Instructions for the task:
A picture-free, exact reproduction of the listing that follows is required.

Information provided:
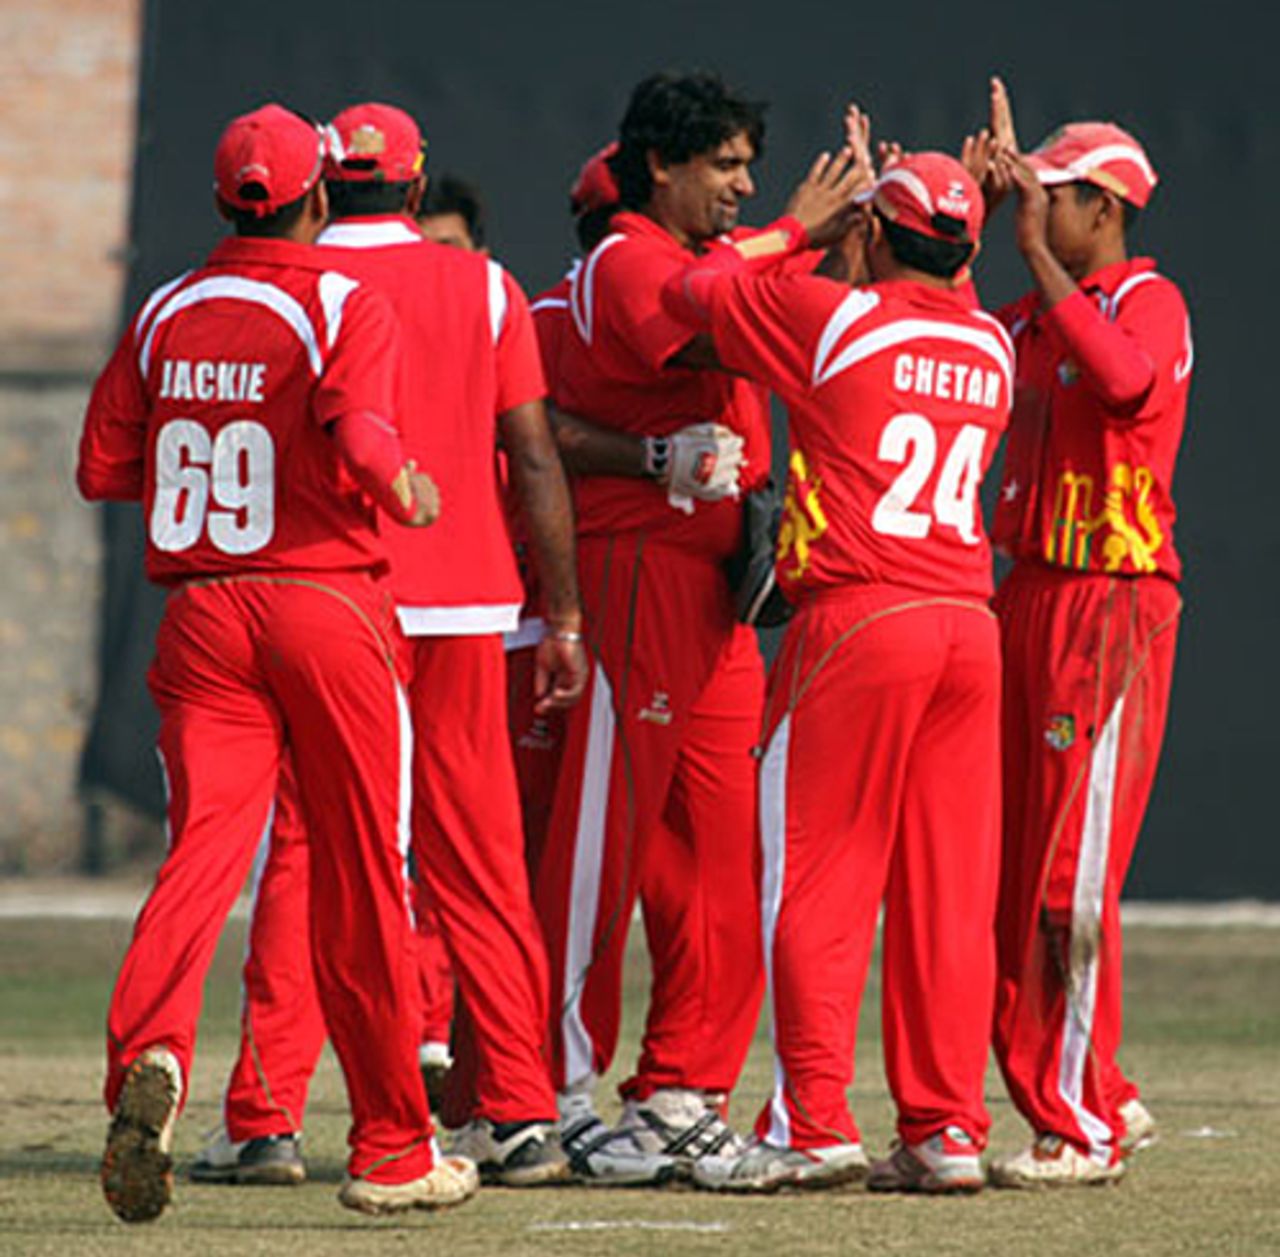 Saad Janjua took out Nepal's openers early, Nepal v Singapore, ICC World Cricket League Division Five, Lalitpur, February 21, 2010
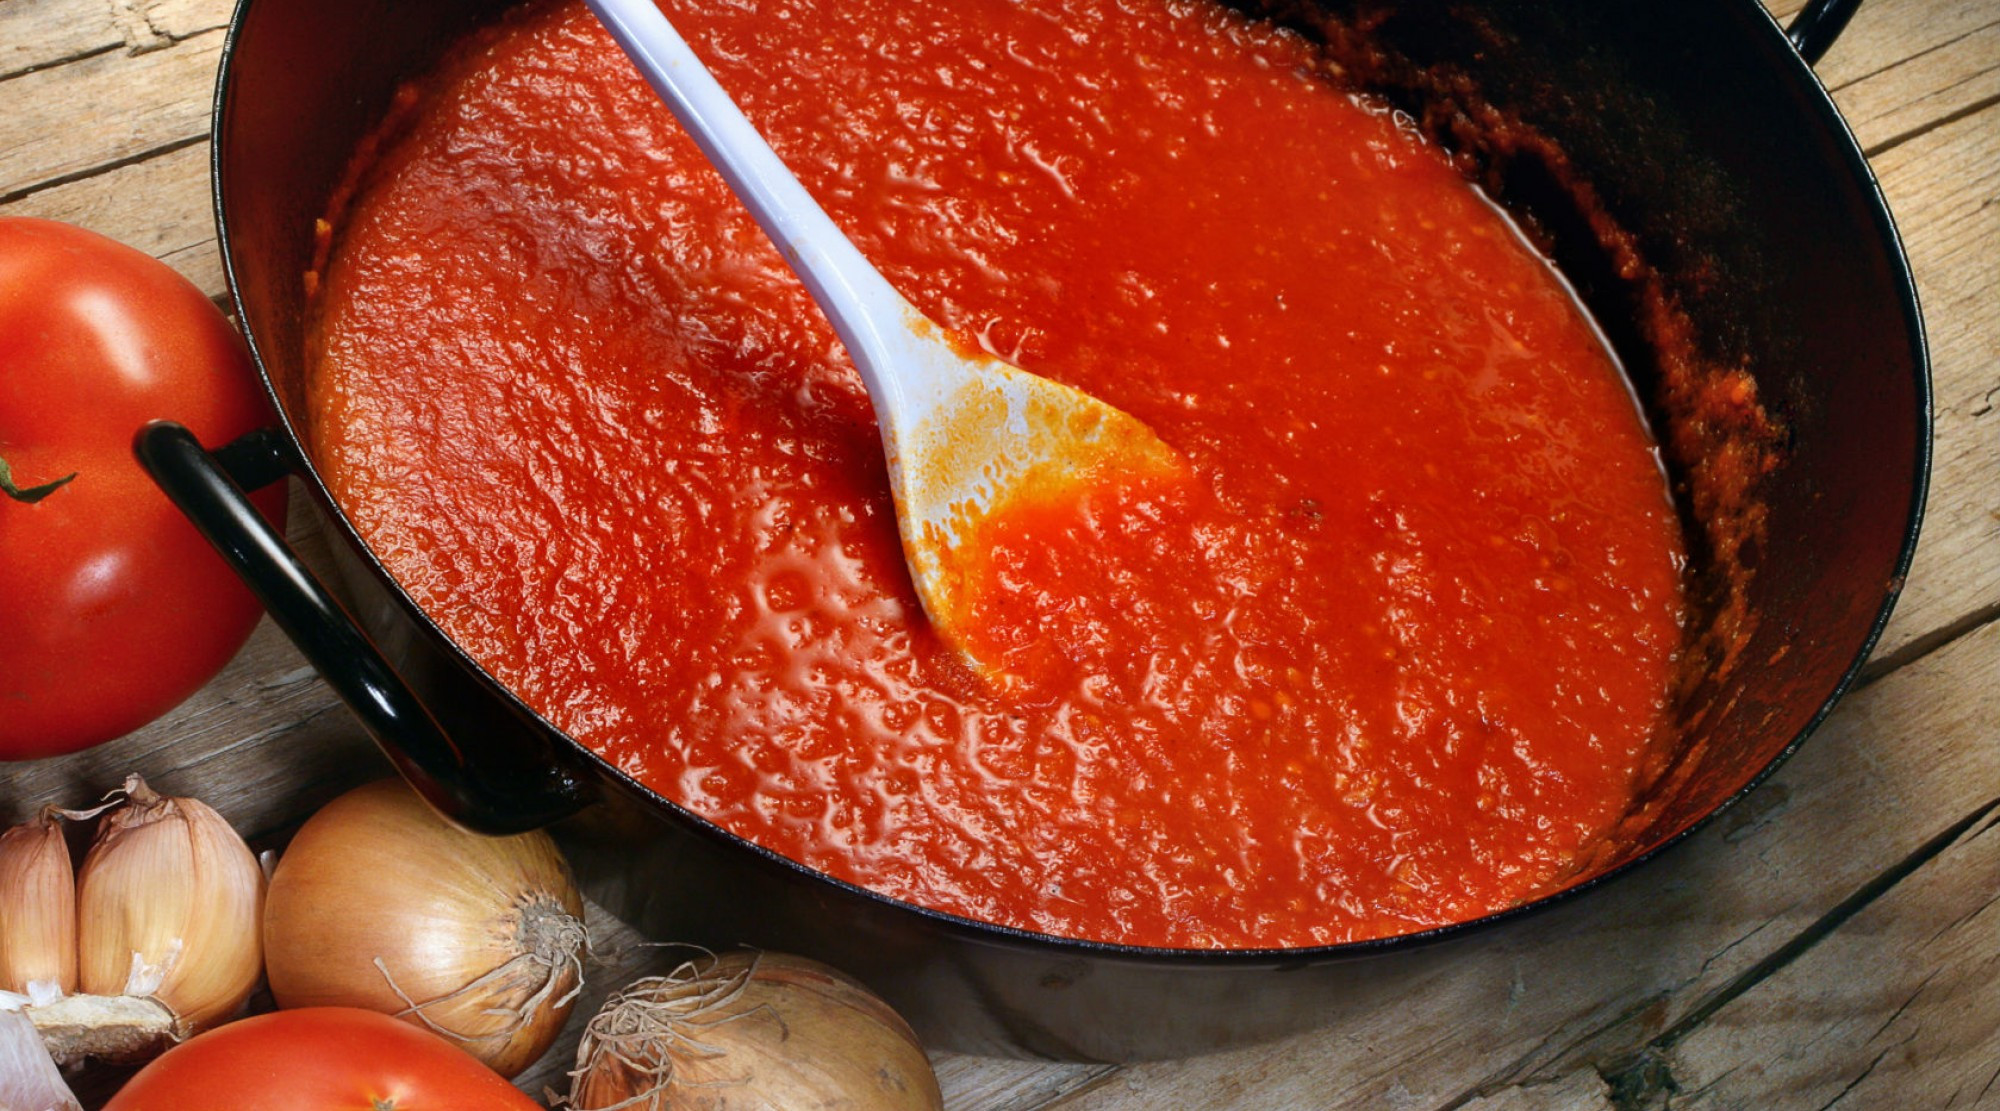 Simple Tomato Sauce Recipe
 Simple Tomato Sauce

Solution to this problem:
 Saad Janjua took out Nepal's openers early, Nepal v Singapore, ICC World Cricket League Division Five, Lalitpur, February 21, 2010
 Simple Tomato Sauce Recipe
 Simple Tomato Sauce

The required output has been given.